Records to use
──────────────────────────────
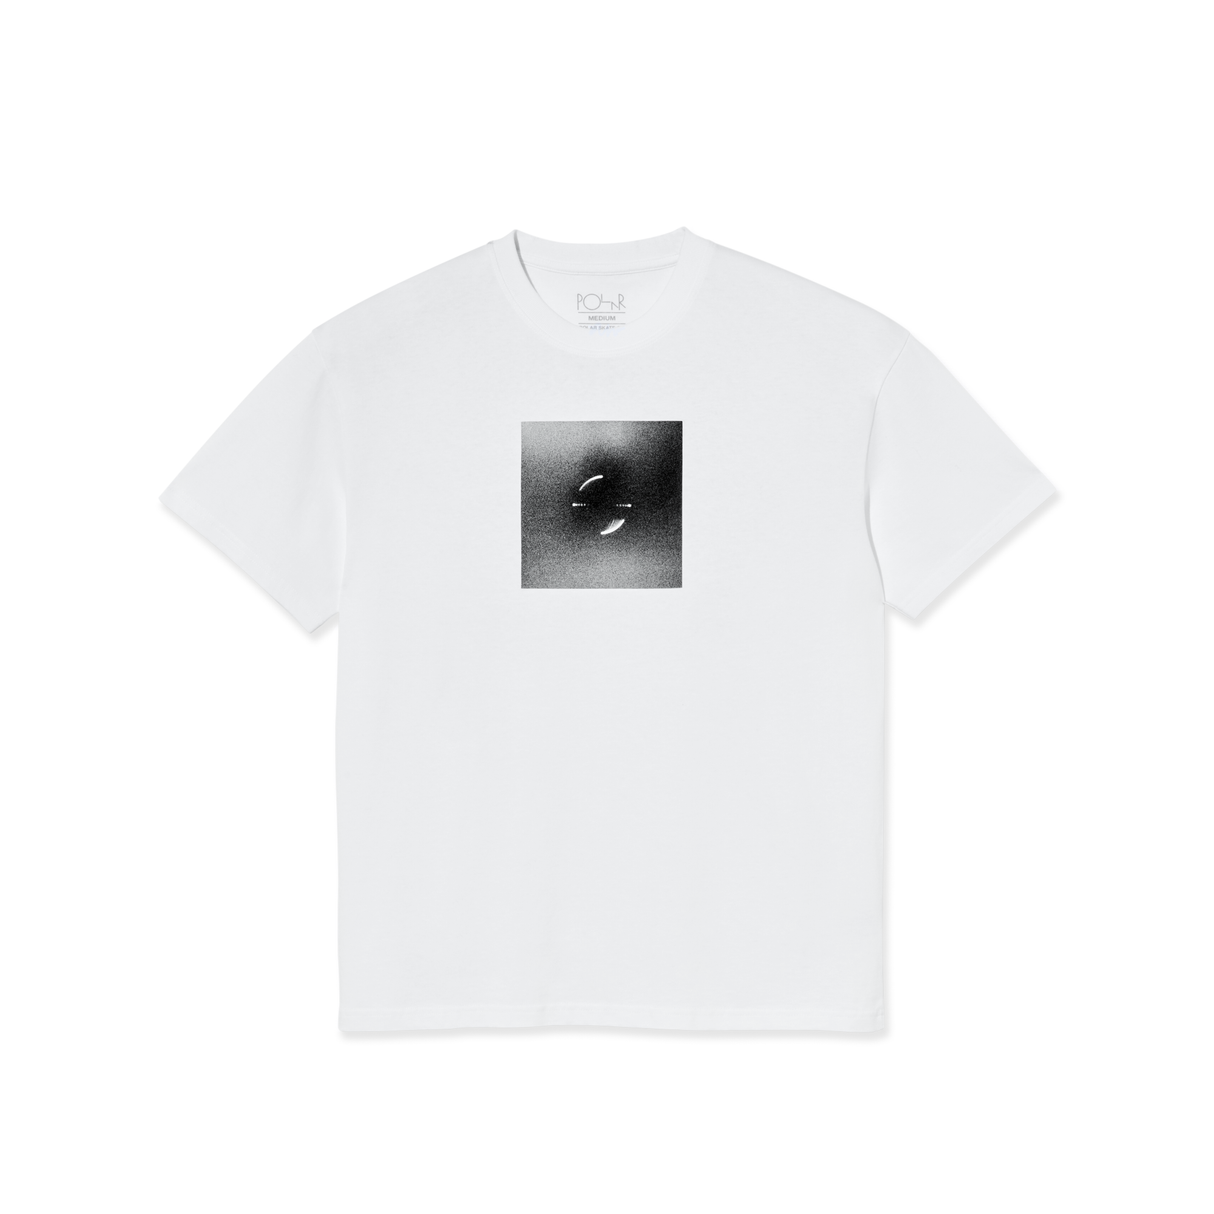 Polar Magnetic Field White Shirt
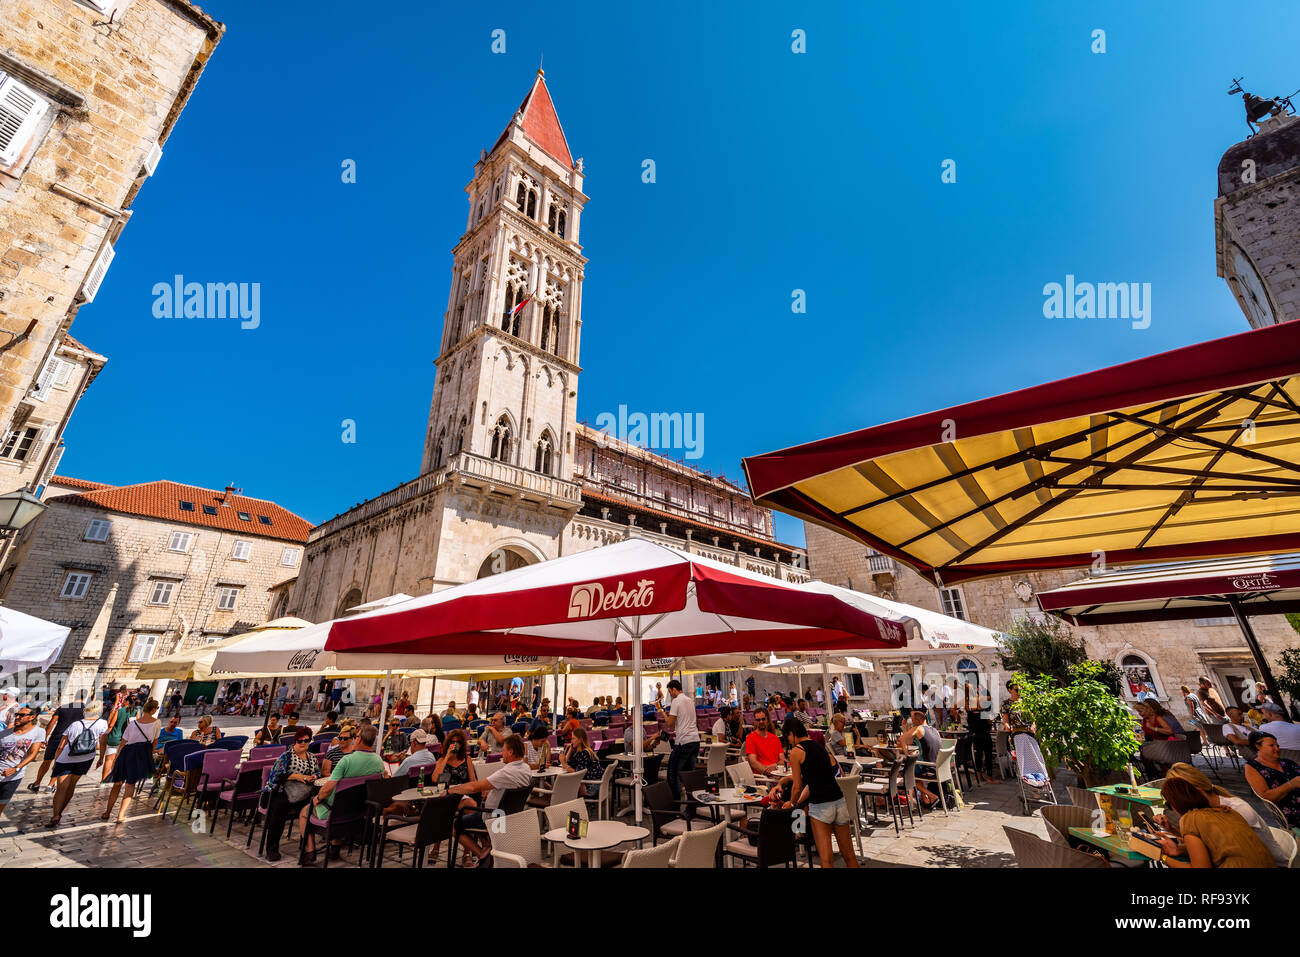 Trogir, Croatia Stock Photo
──────────────────────────────
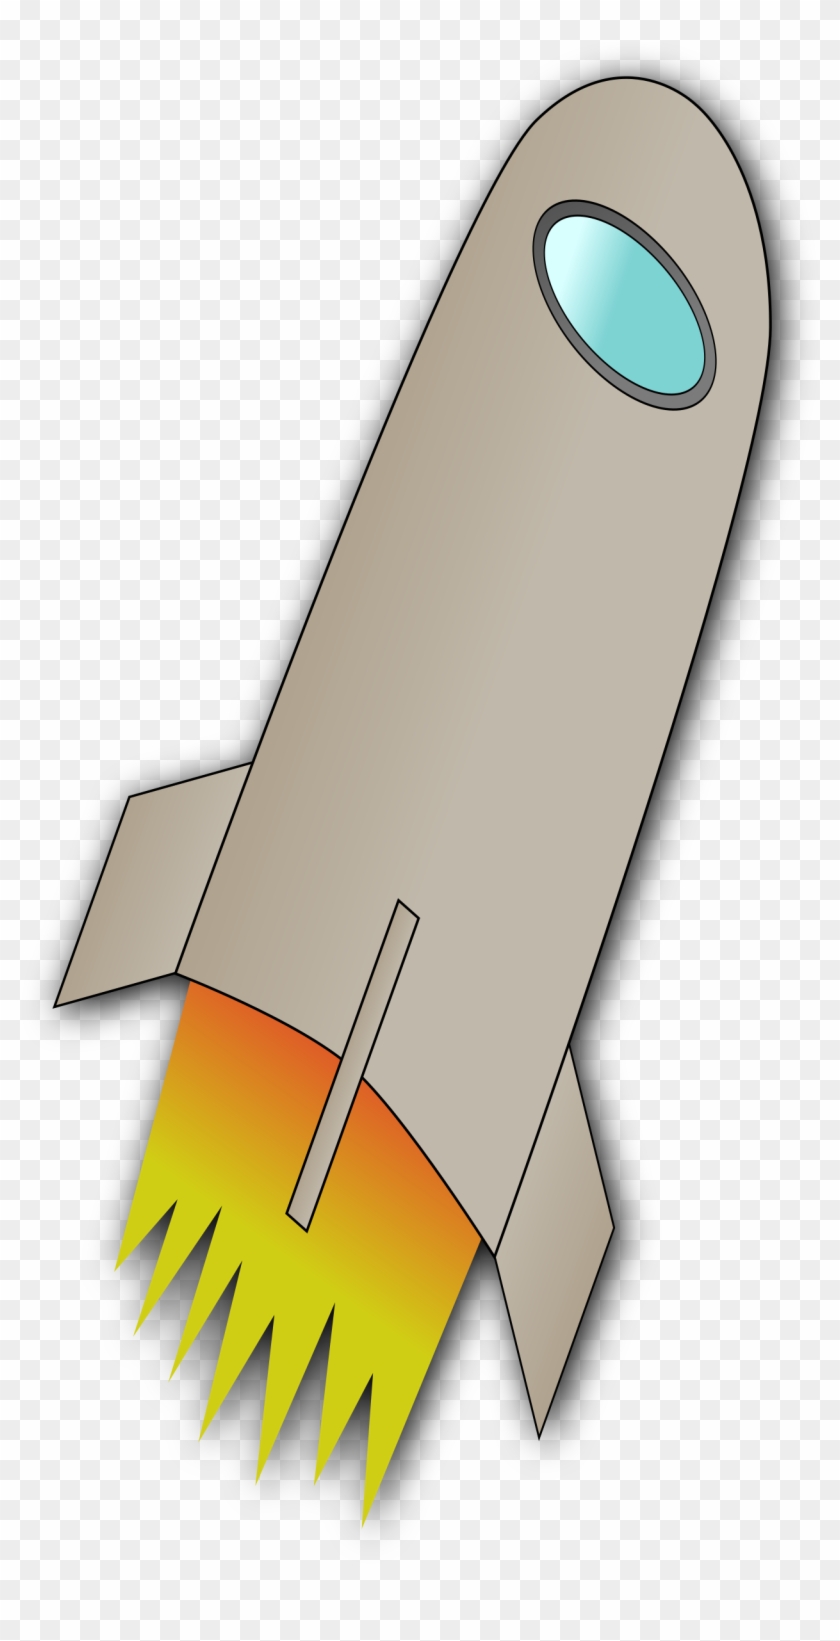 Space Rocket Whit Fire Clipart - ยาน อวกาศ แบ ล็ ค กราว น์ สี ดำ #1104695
──────────────────────────────
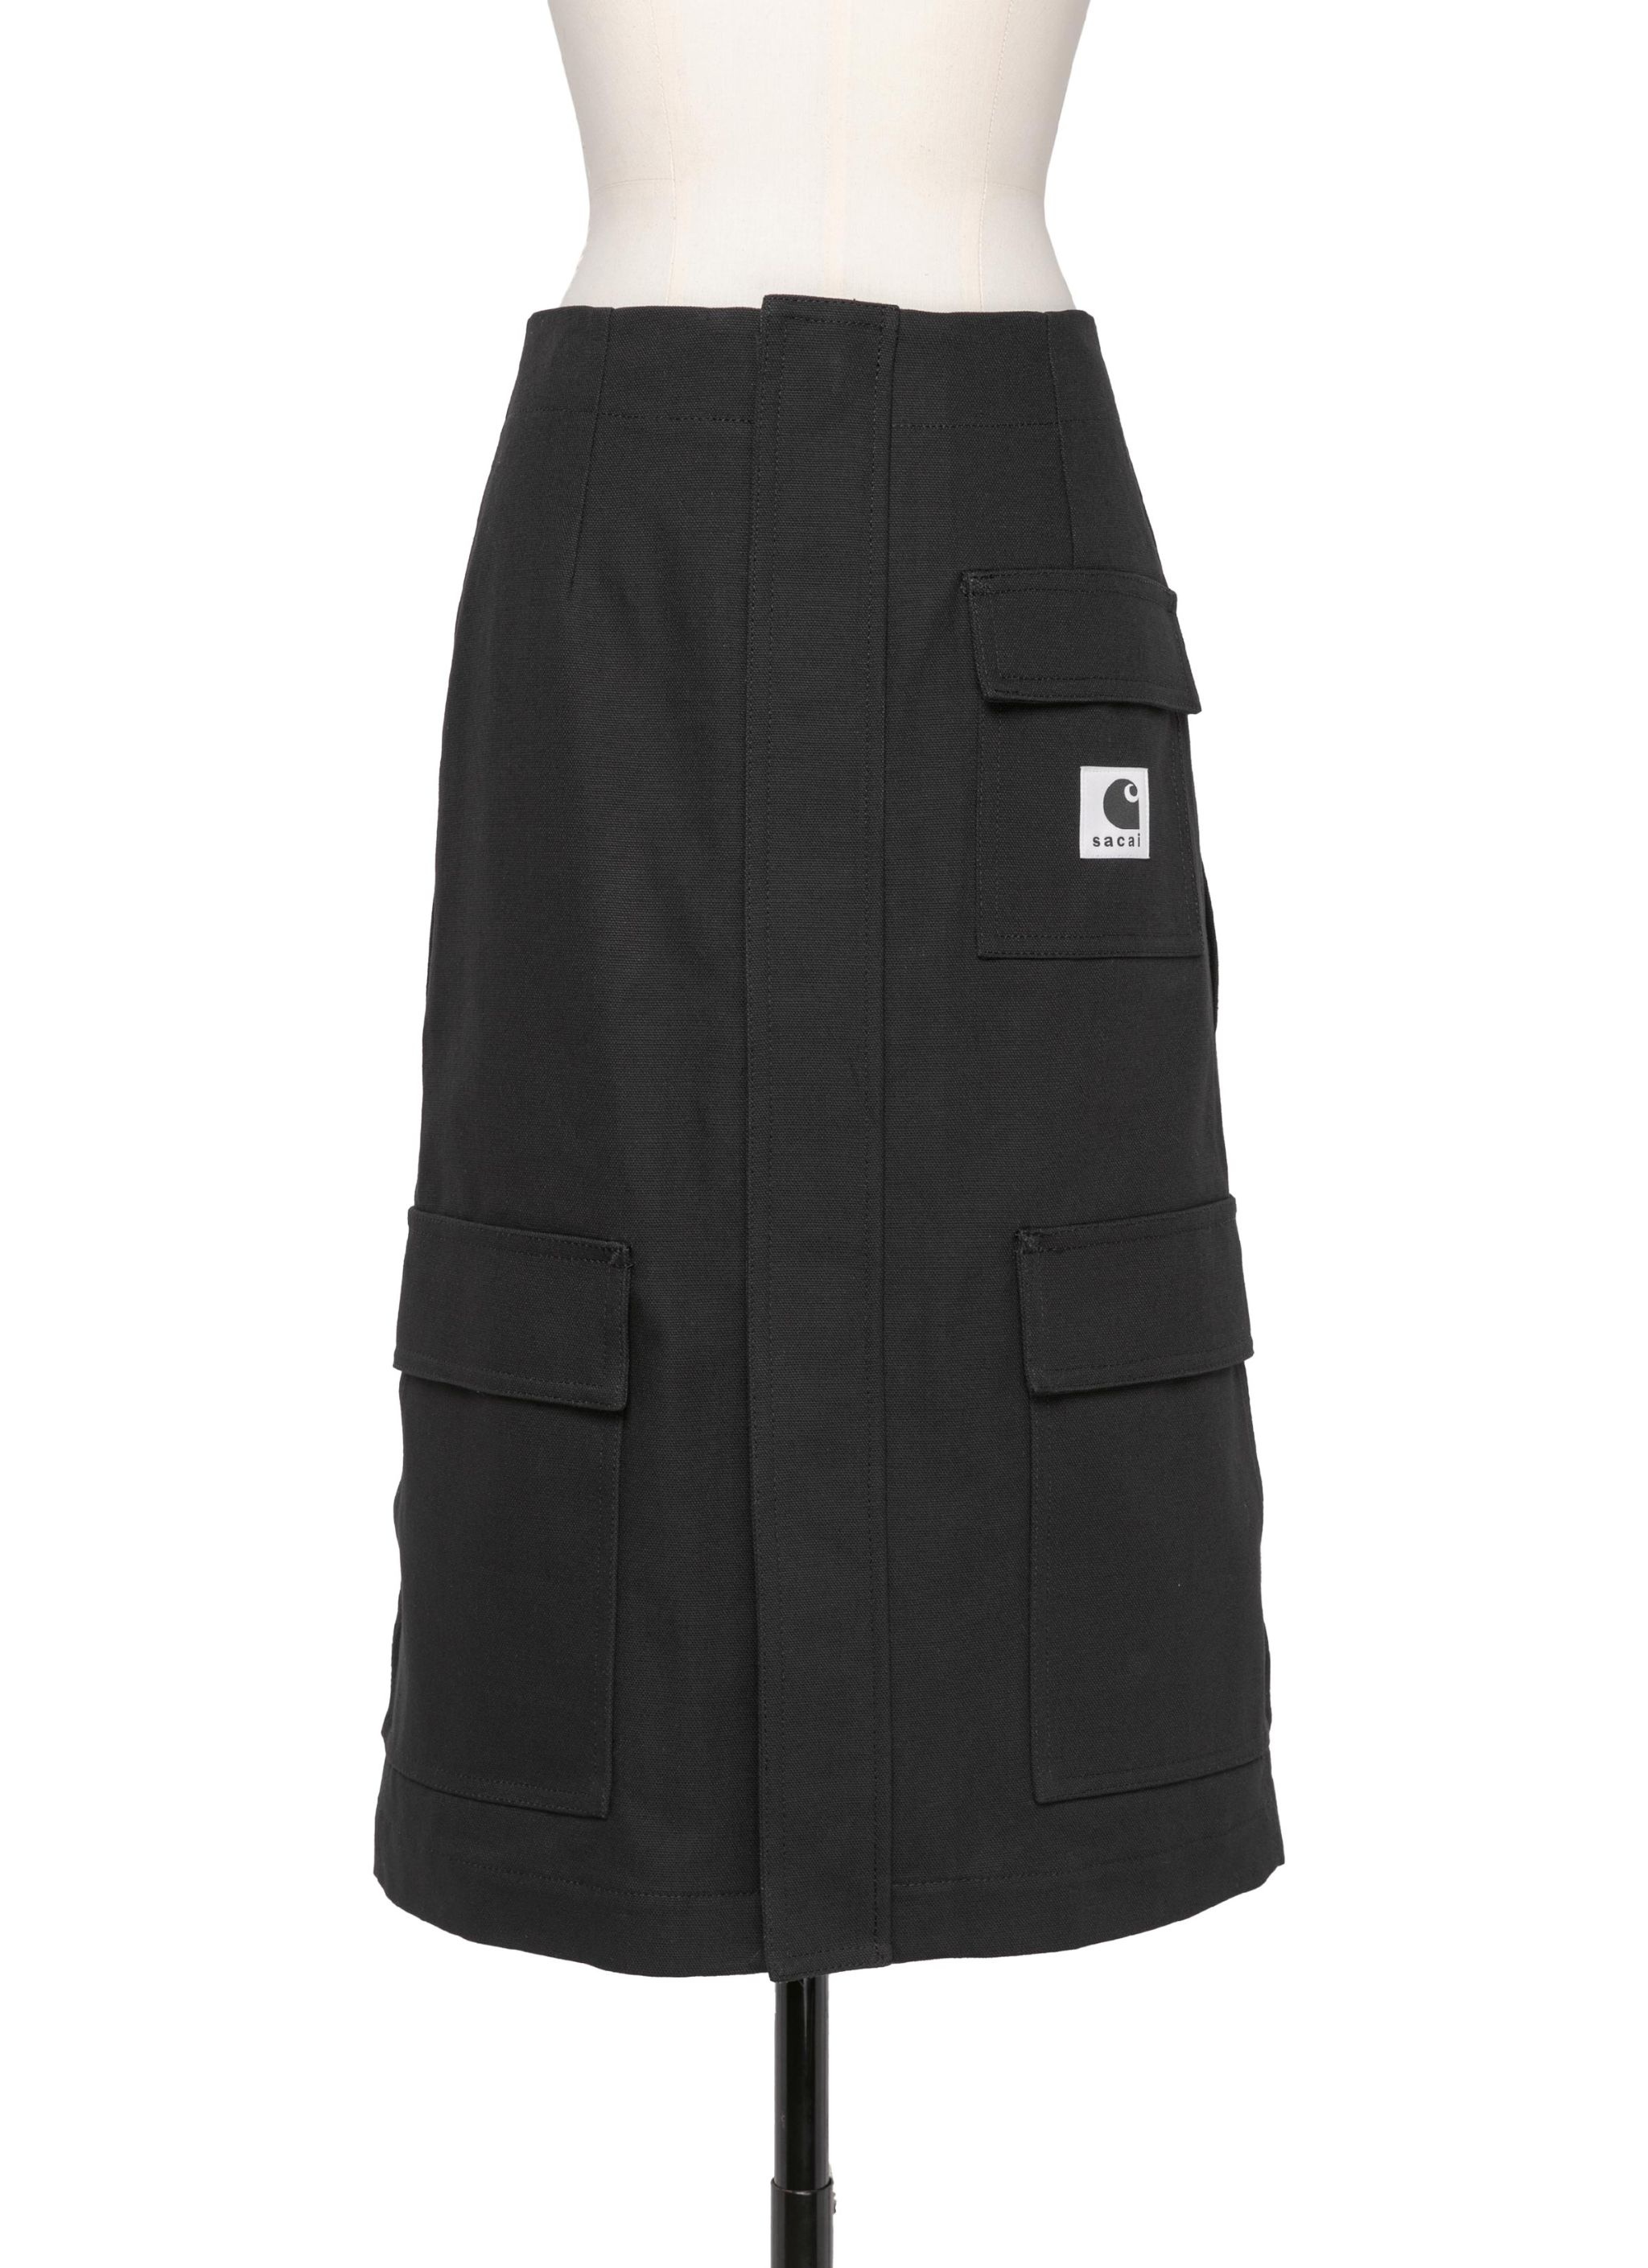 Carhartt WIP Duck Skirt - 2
──────────────────────────────
Using the entries above, extract exactly the lines from the one that contains "Polar Magnetic Field White Shirt" through the one that contains "Trogir, Croatia Stock Photo". Do not carry over any pictures.

 Polar Magnetic Field White Shirt
 Trogir, Croatia Stock Photo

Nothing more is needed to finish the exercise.